***** The input
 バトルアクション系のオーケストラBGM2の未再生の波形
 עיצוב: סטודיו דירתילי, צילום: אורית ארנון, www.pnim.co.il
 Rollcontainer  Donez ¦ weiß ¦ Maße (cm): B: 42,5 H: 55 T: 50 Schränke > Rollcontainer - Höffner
**********
***** The input
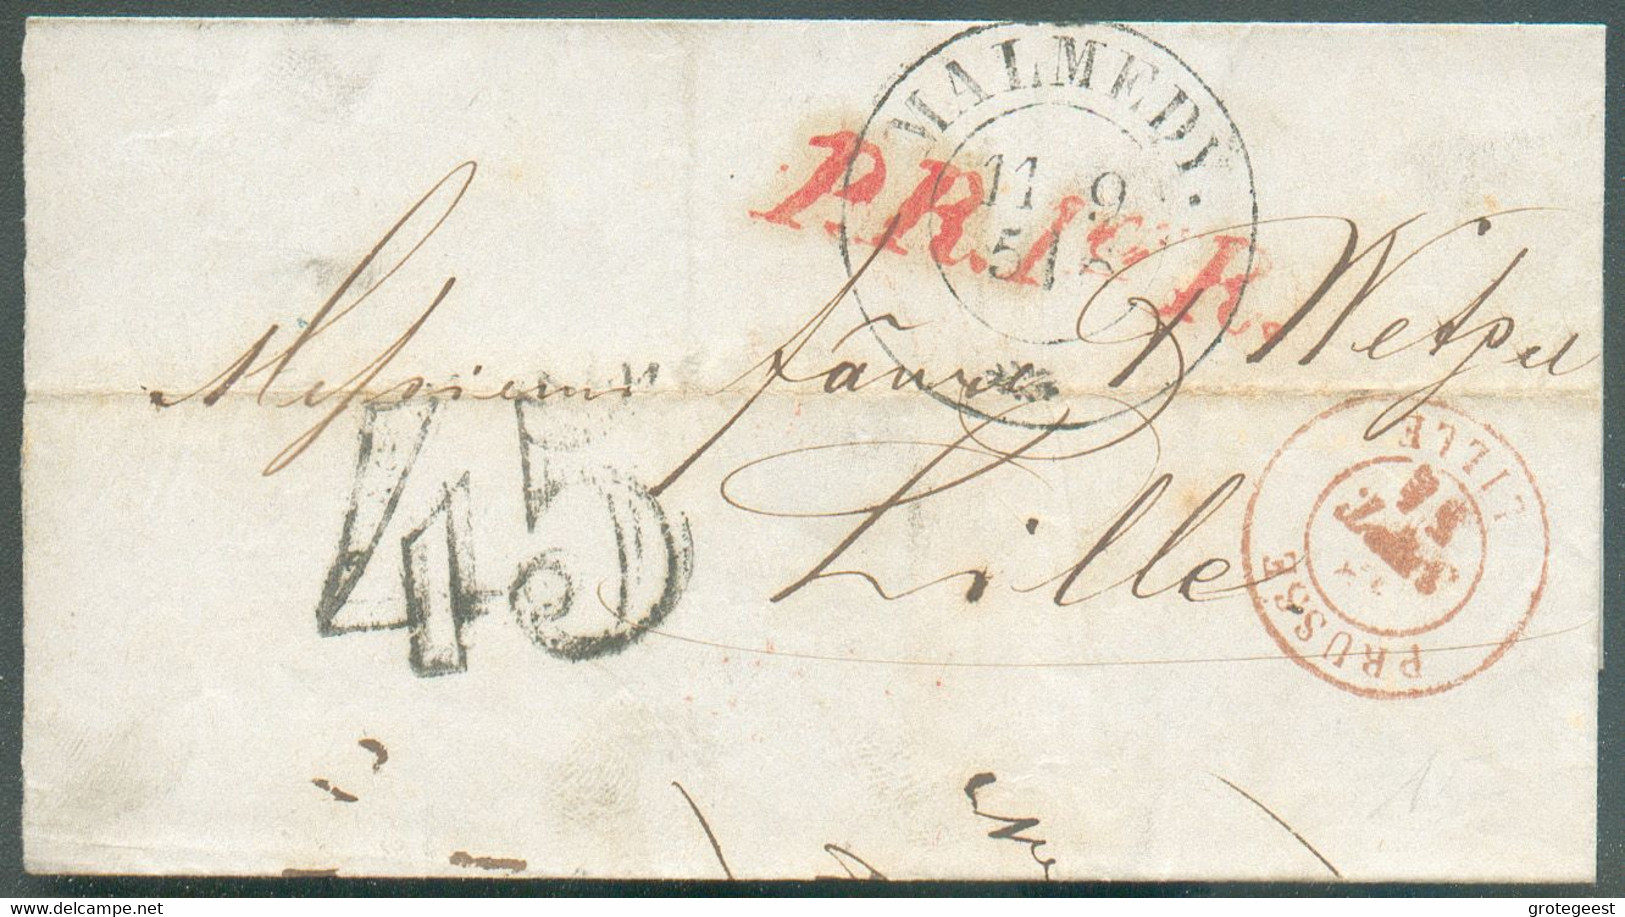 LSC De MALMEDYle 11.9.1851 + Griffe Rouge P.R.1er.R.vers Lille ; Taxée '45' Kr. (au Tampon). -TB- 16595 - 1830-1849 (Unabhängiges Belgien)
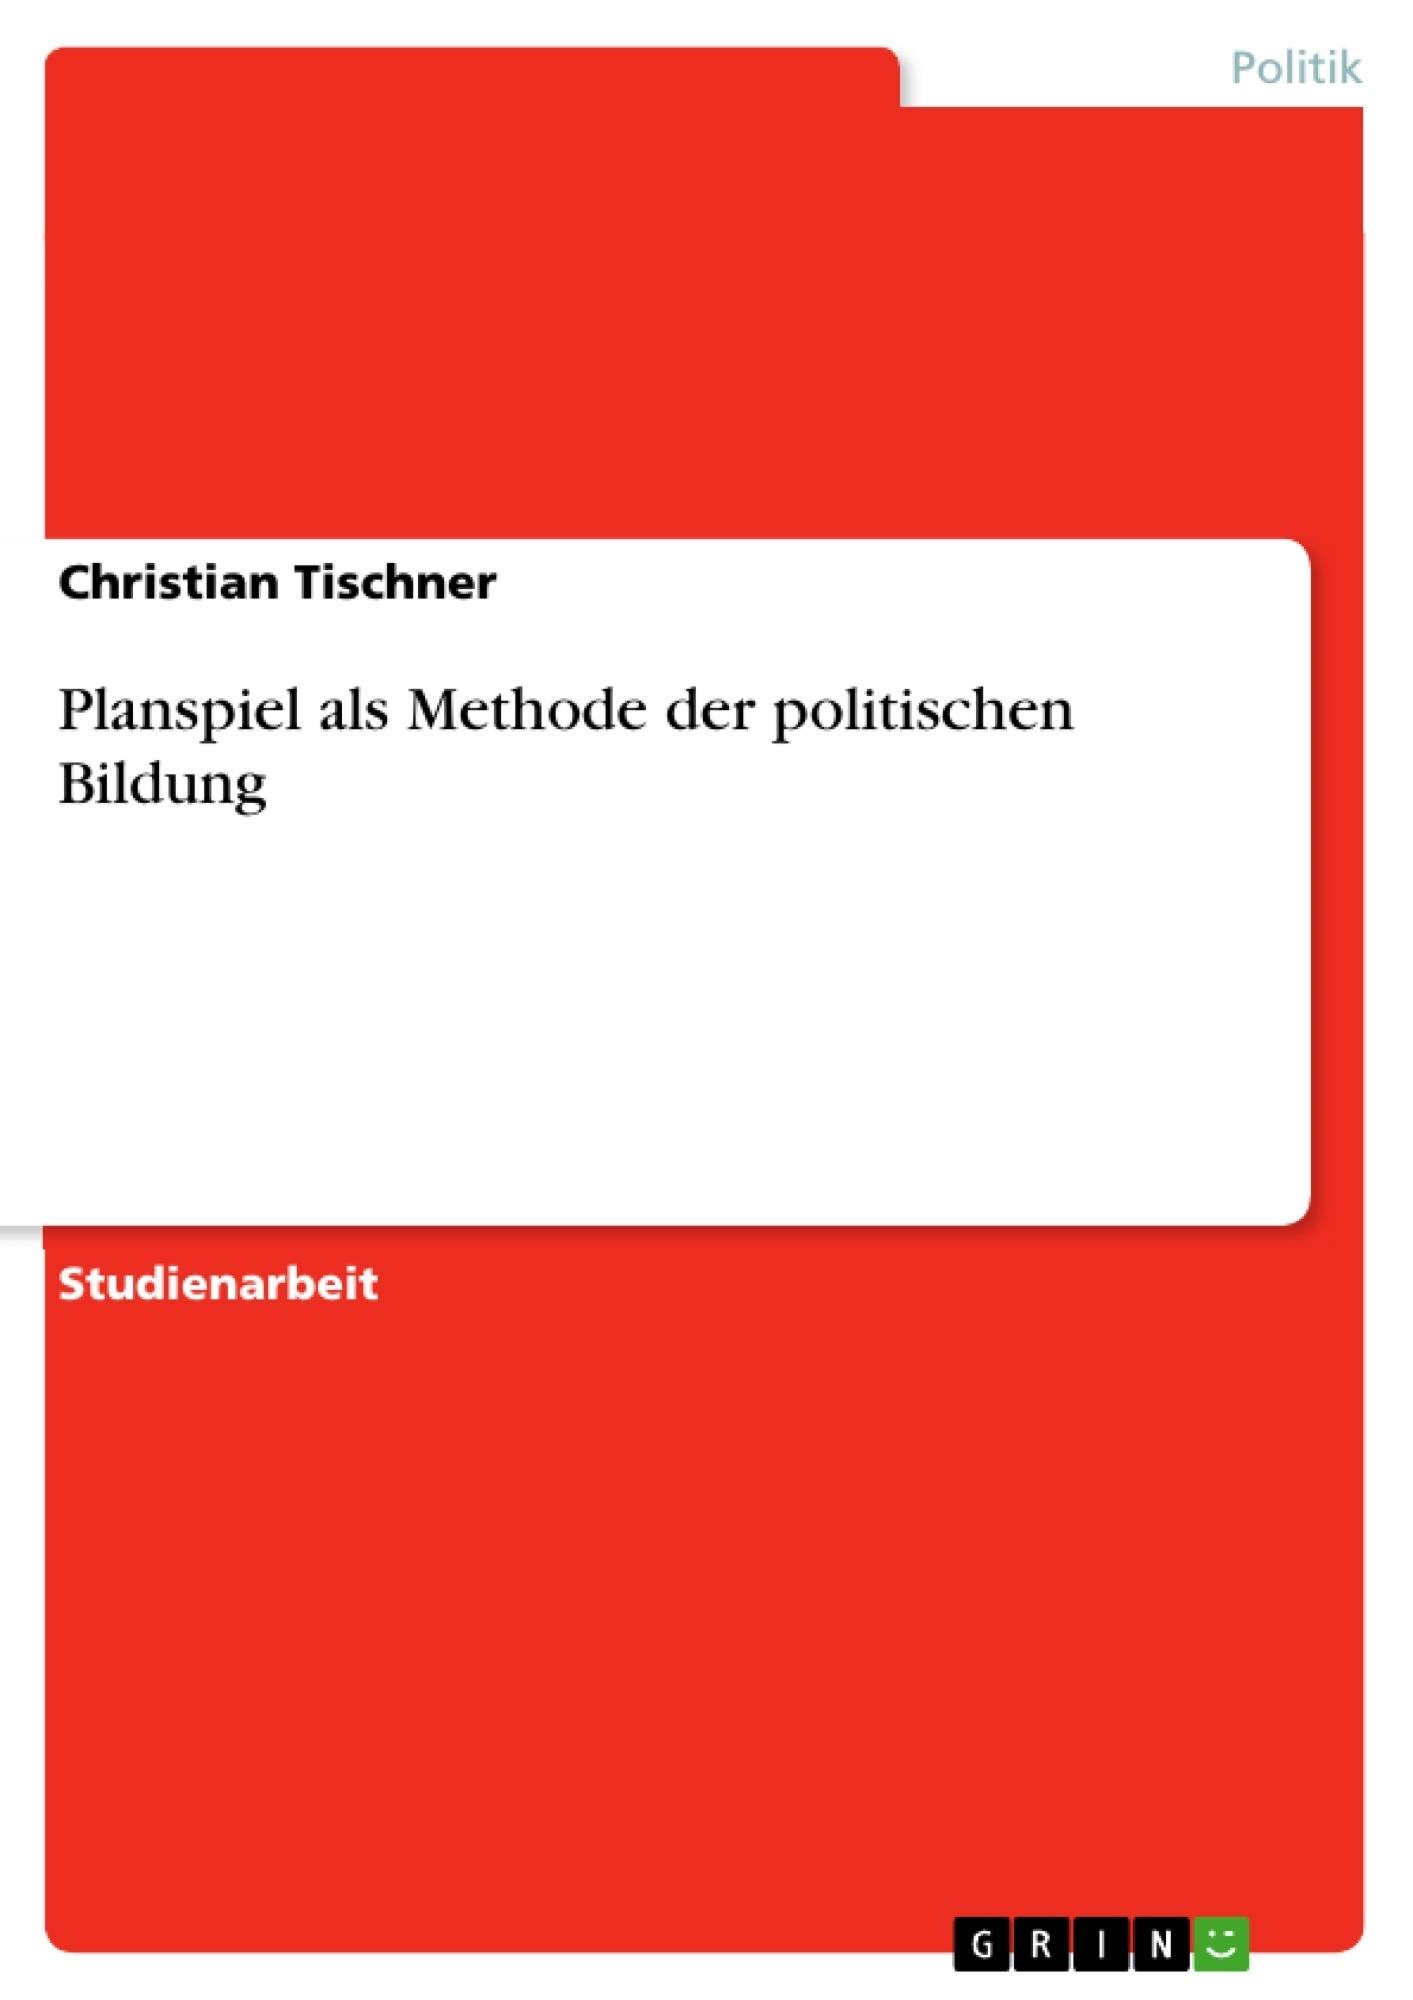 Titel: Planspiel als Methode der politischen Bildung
**********
What is required ::
Produce a word-for-word copy of everything above from the line holding "バトルアクション系のオーケストラBGM2の未再生の波形" down to the line holding "Rollcontainer - Höffner", with both of those lines kept.

Reply to the exercise ::
 バトルアクション系のオーケストラBGM2の未再生の波形
 עיצוב: סטודיו דירתילי, צילום: אורית ארנון, www.pnim.co.il
 Rollcontainer  Donez ¦ weiß ¦ Maße (cm): B: 42,5 H: 55 T: 50 Schränke > Rollcontainer - Höffner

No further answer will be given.